• _Collected data_
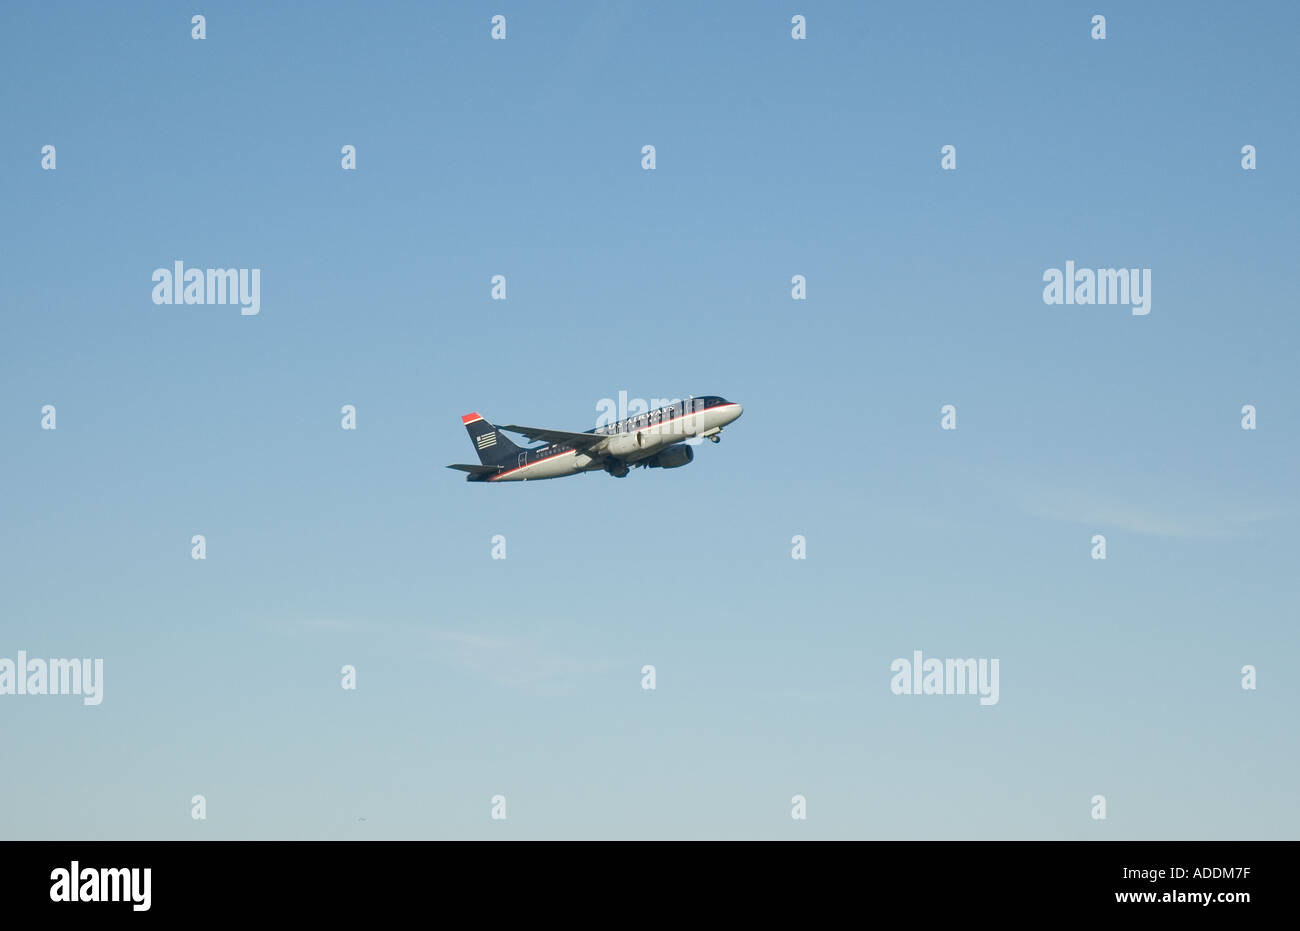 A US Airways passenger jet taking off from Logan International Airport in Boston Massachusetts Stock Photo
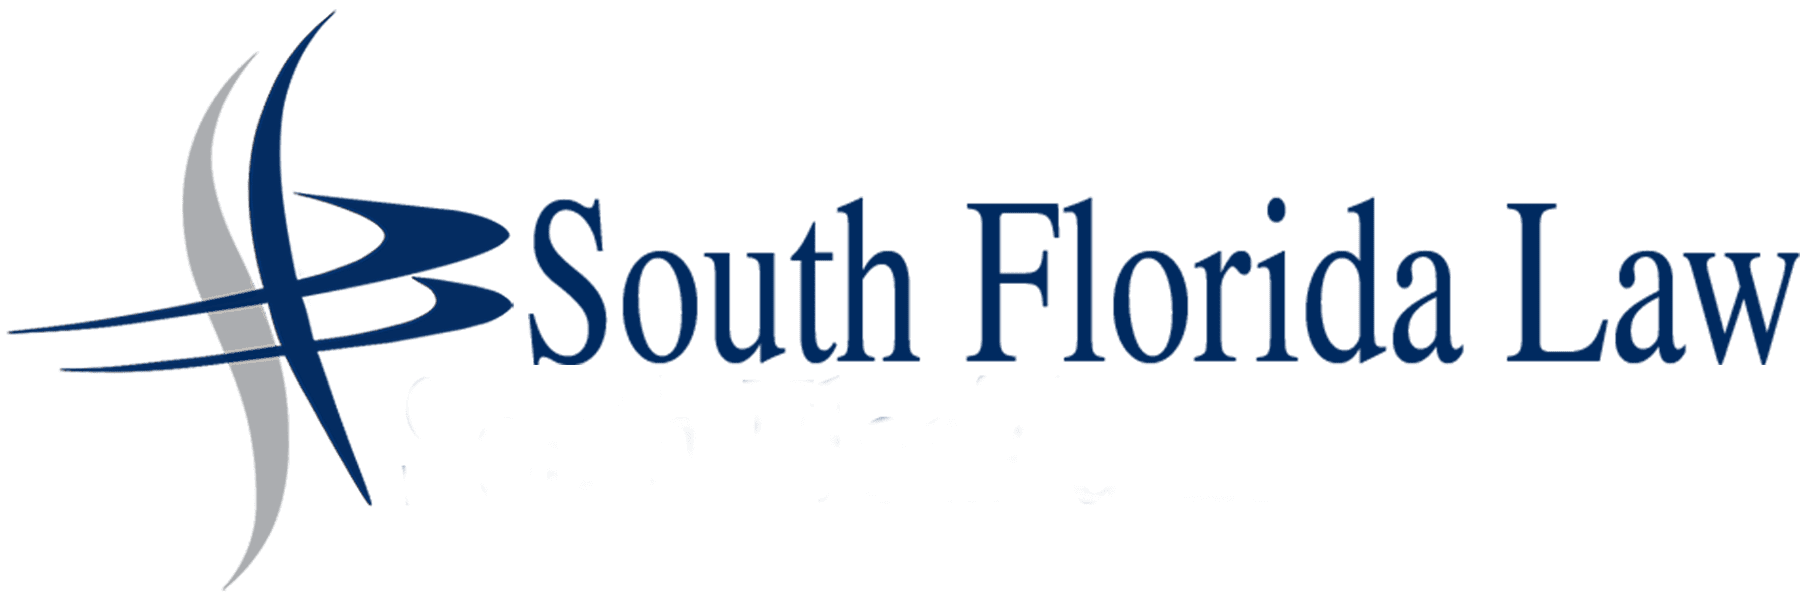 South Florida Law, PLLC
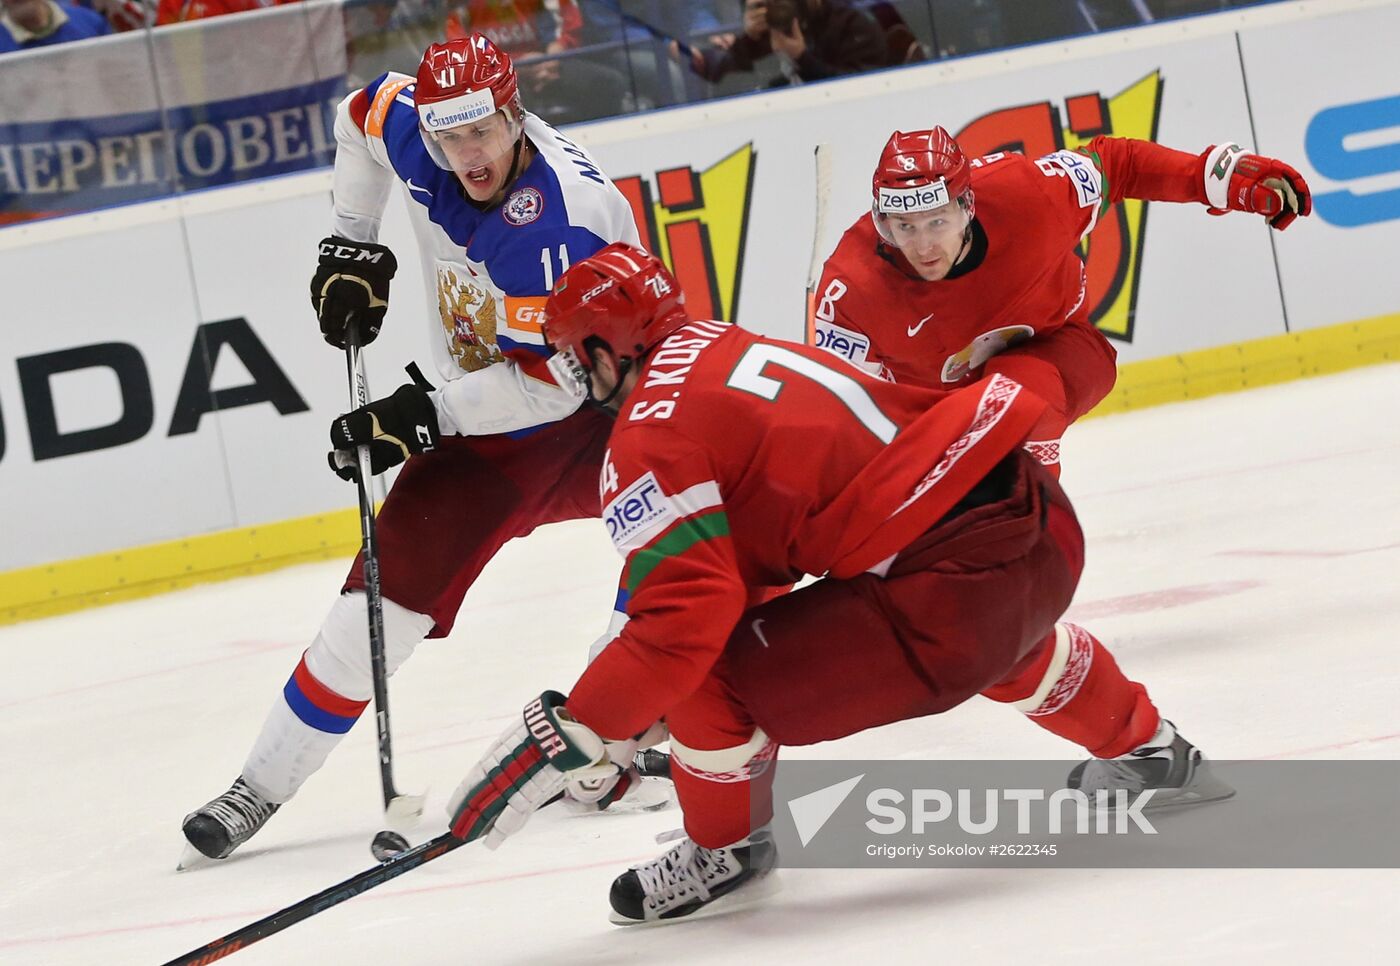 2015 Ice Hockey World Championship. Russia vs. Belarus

• _Try it_
From the line containing "South Florida Law, PLLC" down to the end of the data above, reproduce each line exactly; no pictures.

• _Written answer_
 South Florida Law, PLLC
 2015 Ice Hockey World Championship. Russia vs. Belarus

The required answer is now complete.